What Is the Colorado AI Act?
The Colorado AI Act (Senate Bill 24-205) is the first comprehensive state-level AI law in the United States. Signed into law on May 17, 2024, it establishes requirements for both developers and deployers of high-risk AI systems to prevent algorithmic discrimination.
The law was originally set to take effect on February 1, 2026, but the effective date was delayed to June 30, 2026 through subsequent legislation, giving businesses additional time to prepare.
Why Colorado's Law Matters
While NYC Local Law 144 focuses specifically on AI in hiring, Colorado's law is much broader. It covers any AI system that makes or substantially contributes to consequential decisions across multiple sectors:
- Employment: Hiring, termination, compensation, promotion
- Education: Enrollment, academic discipline, financial aid, accreditation
- Financial services: Lending, credit, insurance rates, account access
- Healthcare: Cost, coverage, diagnosis, treatment
- Housing: Renting, buying, financing
- Legal services: Legal representation and legal decisions
This breadth means that companies across nearly every industry could be affected.
Who Must Comply
The law creates obligations for two types of entities:
Developers
Companies that design, code, or substantially modify an AI system. If you build AI tools or platforms — even if you sell them to other companies — you are a developer under this law.
Deployers
Companies that use a high-risk AI system to make or inform consequential decisions. If your company uses AI tools purchased from a vendor to make decisions about employees, customers, patients, or applicants, you are a deployer.
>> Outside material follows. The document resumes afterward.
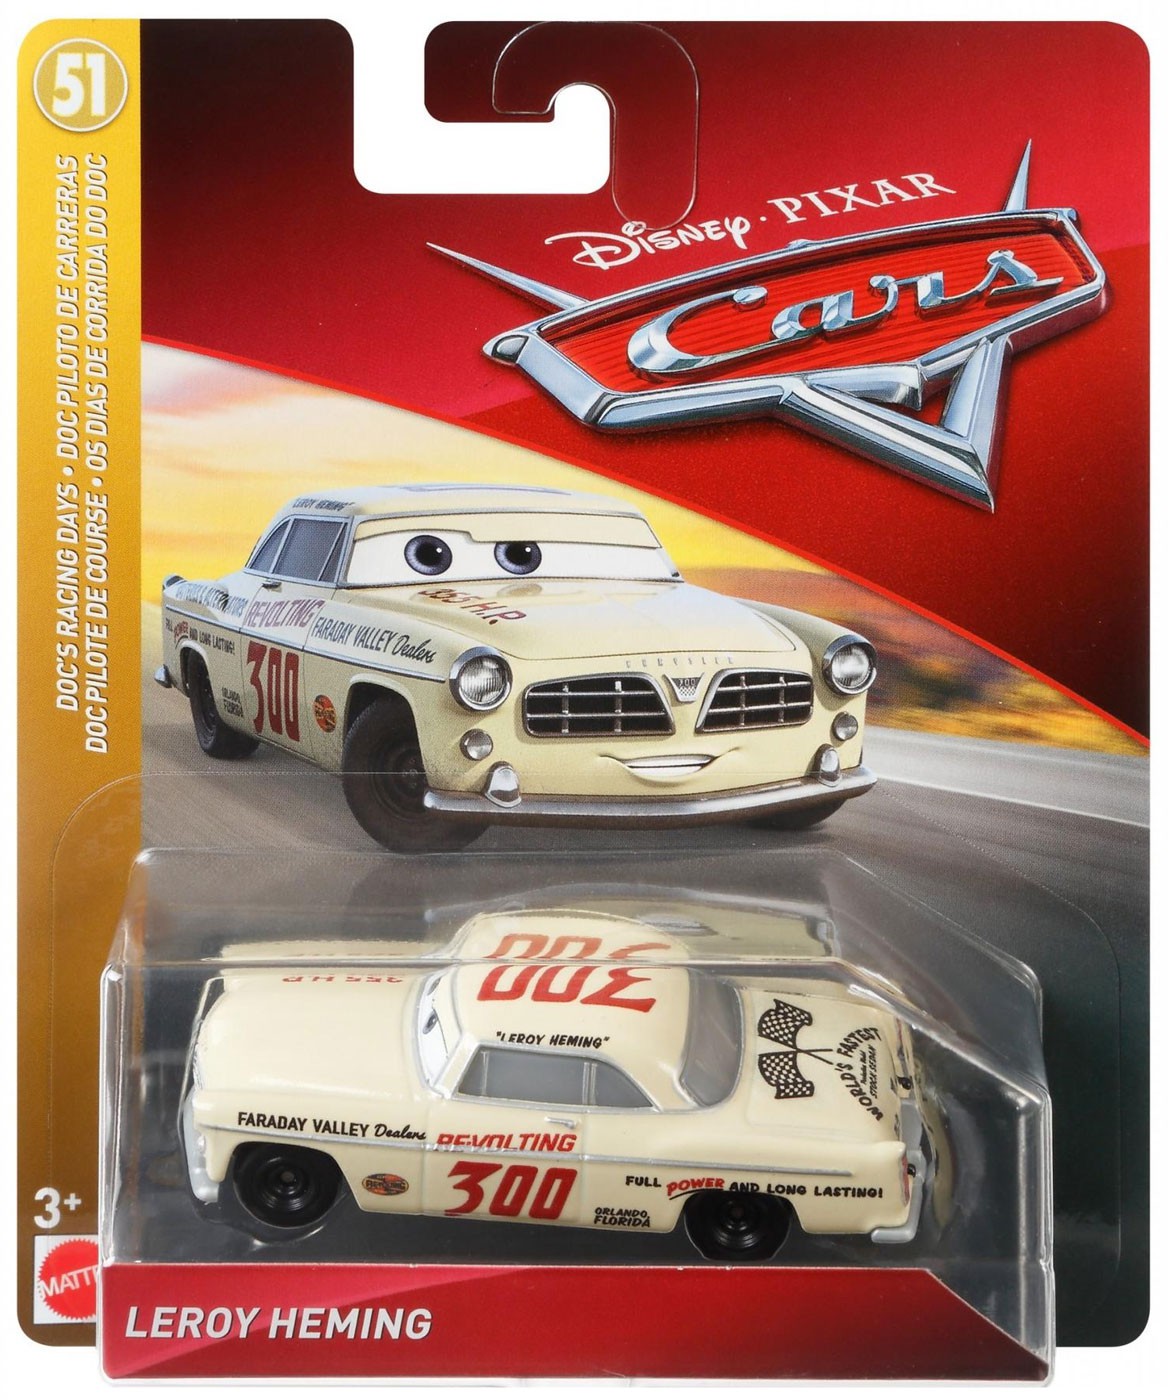 doc hudson toy cars 3

Geographic scope: The law applies to any entity doing business in Colorado or deploying AI systems that affect Colorado residents. Like many state laws, its reach extends beyond companies physically located in Colorado.
What Makes an AI System "High-Risk"?
An AI system is high-risk under the Colorado AI Act if it makes, or is a substantial factor in making, a consequential decision. A consequential decision is one that has a material legal or similarly significant effect on a consumer in the areas listed above (employment, education, financial services, healthcare, housing, legal services).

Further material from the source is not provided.